Google (1 bot, in addition to Googlebot)

| Bot | User-agent | Role | |---|---|---| | Google-Extended | Google-Extended | Training for Gemini and Vertex AI |

Other relevant ones

| Bot | User-agent | Role | |---|---|---| | CCBot | CCBot | Common Crawl, used by many AI training datasets | | Bytespider | Bytespider | ByteDance/TikTok AI training | | Applebot-Extended | Applebot-Extended | Apple Intelligence training | | Meta-ExternalAgent | Meta-ExternalAgent | Meta AI (Llama) related | | Amazonbot | Amazonbot | Amazon's AI training |

Pulling apart the three functions

Important to understand: training, indexing, and real-time fetching are three different things.

Training = your content is used to train future models.
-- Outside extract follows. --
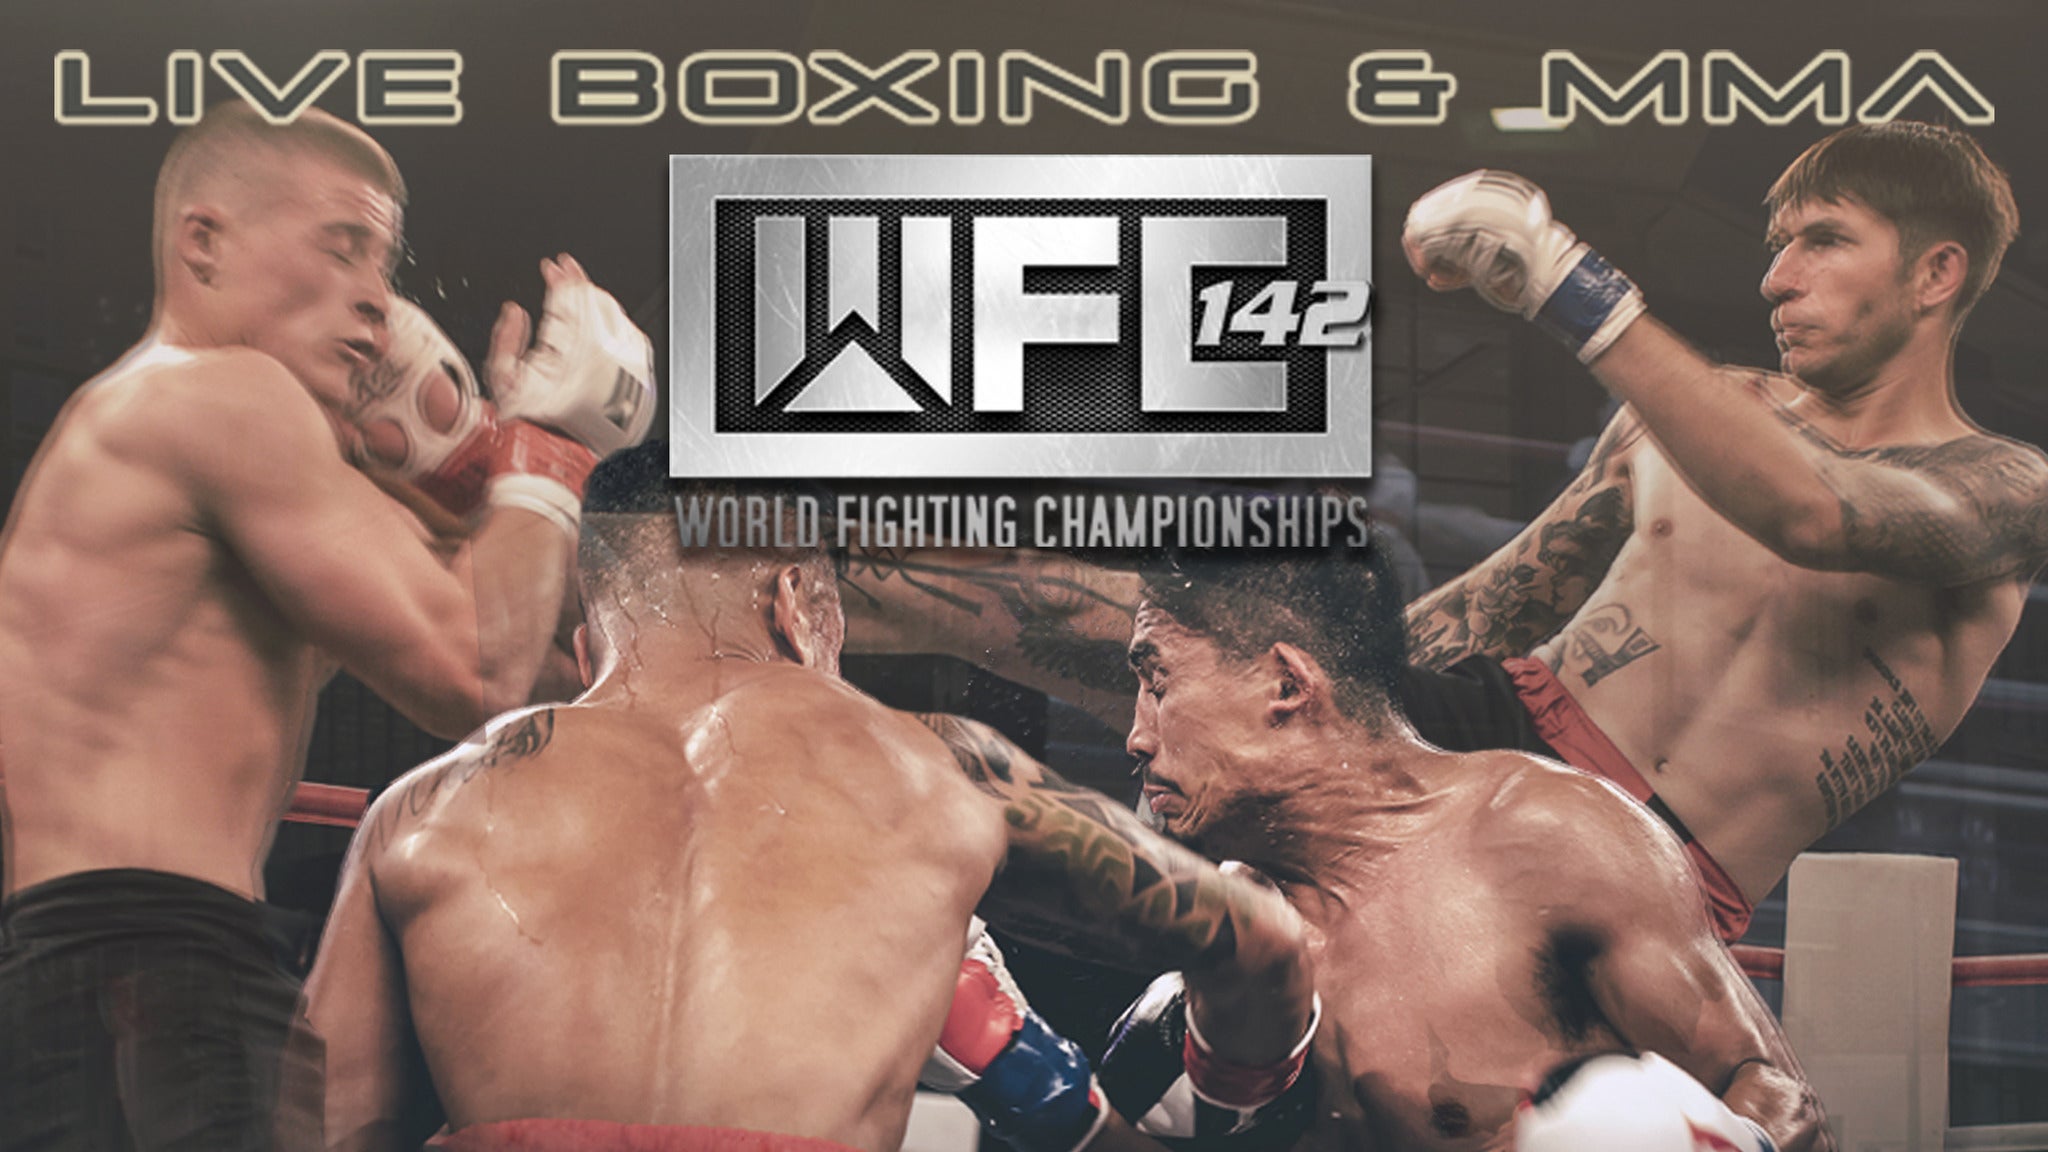 presale code for WFC 140 - Boxing tickets in Lawrenceburg - IN (Lawrenceburg Event Center)

No direct traffic, no citation, long-term impact on model knowledge.
Indexing = your content is added to a search index. AI answers cite from there. Direct effect on visibility.
Real-time fetch = when someone explicitly asks an AI to read your URL, the bot fetches the page live. Direct effect on how well your content shows up in that answer.

Many sites block all three OpenAI or Anthropic functions, thinking "no training data given out". Result: they're also not cited in ChatGPT or Claude answers, because the search and real-time bots are blocked too.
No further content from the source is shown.